Tivemos no passado um grande pioneiro do diálogo com a cultura chinesa na pessoa do padre jesuíta Matteo Ricci (1552-1610), um missionário ocidental que compreendeu que, sem conhecer a sua cultura, não há como dialogar com chineses. Ricci abriu caminhos, conseguiu elaborar uma síntese entre a filosofia de Confúcio e a cultura católica da época, ousou falar em Deus recorrendo a conceituações chinesas tradicionais como mandato-do-céu, tudo-sob-o-céu, filho-do-céu, imperador-de-cima, senhor-do-céu. Depois de sua morte, a tentativa de Ricci foi interrompida pelas autoridades do Vaticano.
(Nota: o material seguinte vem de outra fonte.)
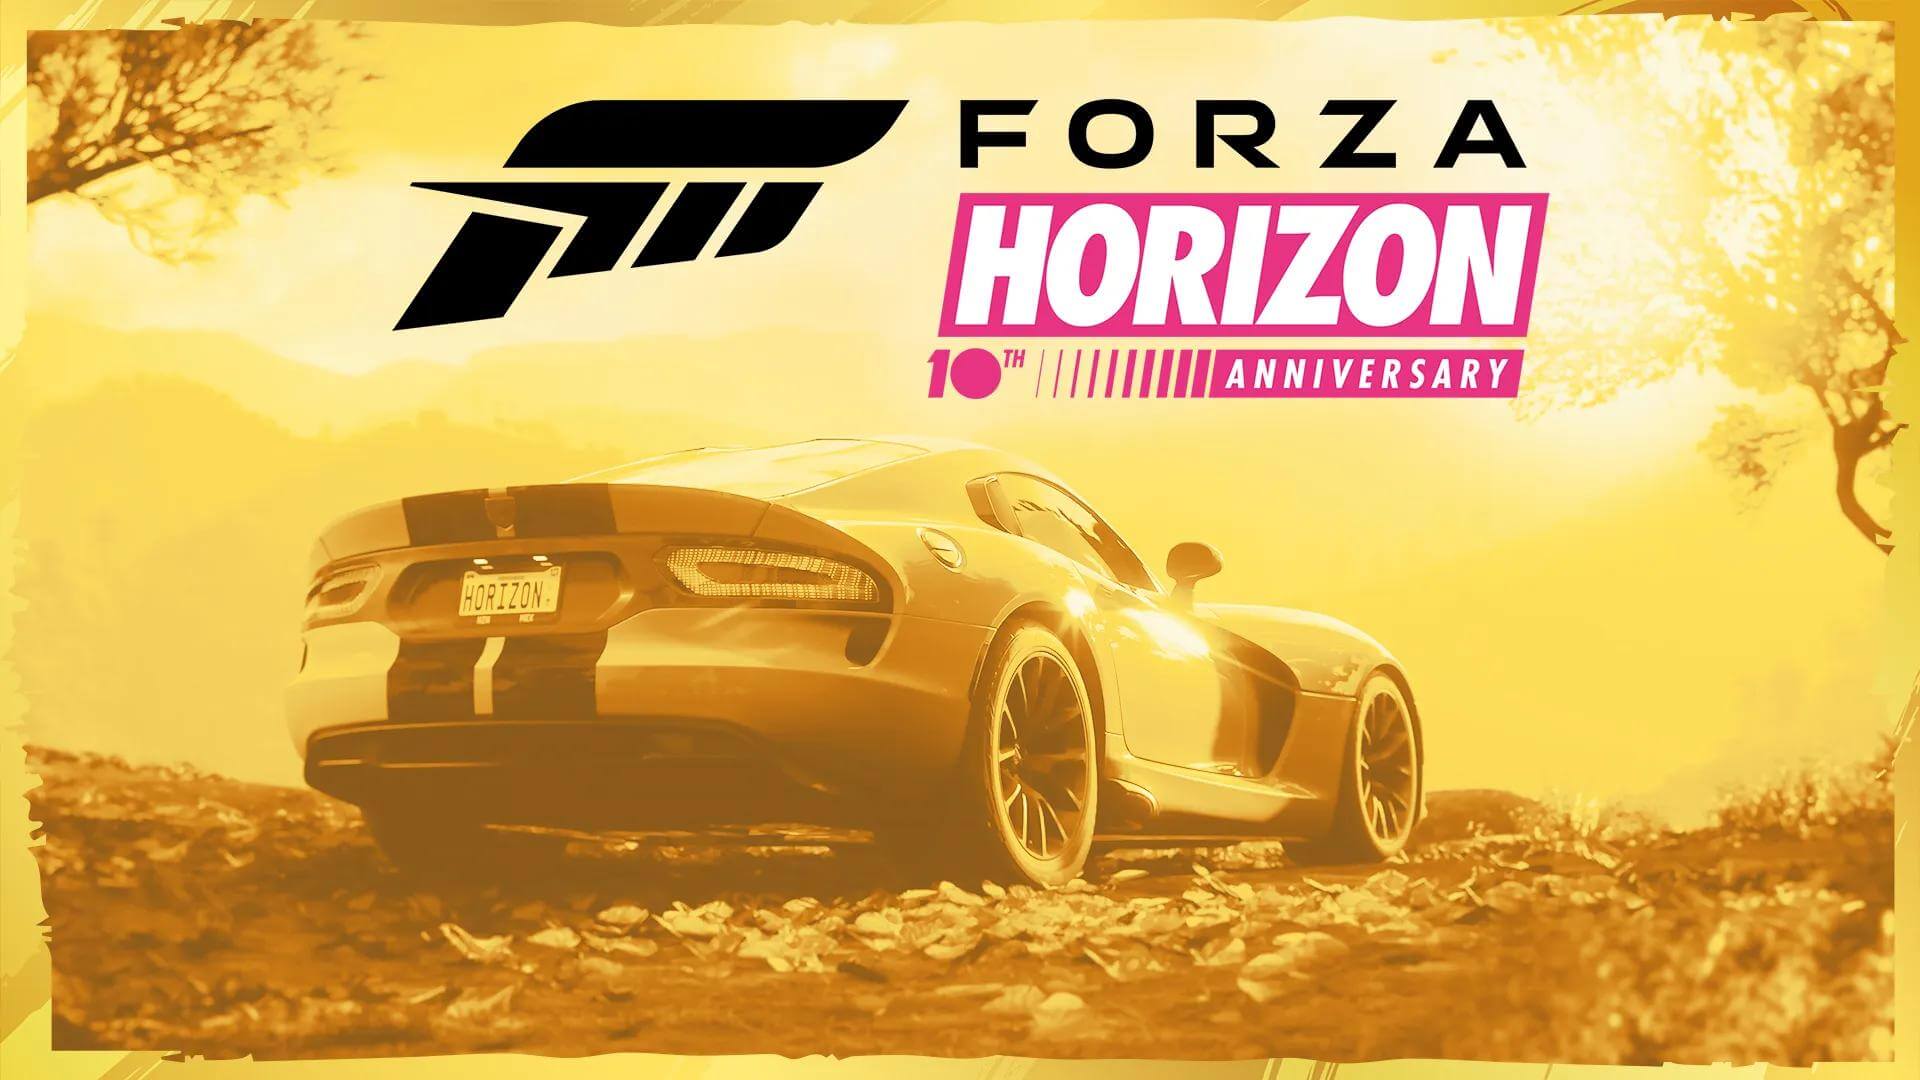 Авторы Forza Horizon напомнили о 10-летней истории развития франшизы

No que li sobre Confúcio (551-479 aC), entendi que ele demonstrou preocupação com o que se passava nas comunidades agrícolas da China de seu tempo. Querendo formar administradores honestos daquelas fazendas, ele escreveu conselhos que combinam ética com filosofia, sabedoria religiosa com virtude. E criou um modelo organizacional que o reformador indiano Buda seguiria mais tarde: inserir experiências monásticas em comunidades camponesas, para que monges letrados ensinem a camponeses iletrados com viver e defender seus direitos. Prático e ético, o trabalho de Confúcio tem, pois, um caráter secular. Ele não criou nem religião, nem sacerdócio. E rejeitou tentativas de sua própria divinização. Sacerdote não, monge educador sim. Confúcio deixou poucos textos, mas moldou definitivamente o caráter do povo chinês.
Evoco apenas o caso chinês, pois este texto é apenas um aceno. Espero que ajude a compreender que um diálogo em profundidade com as culturas budistas e maometanas, só para dar dois exemplos conhecidos, deve ser igualmente bastante exigente, imagino.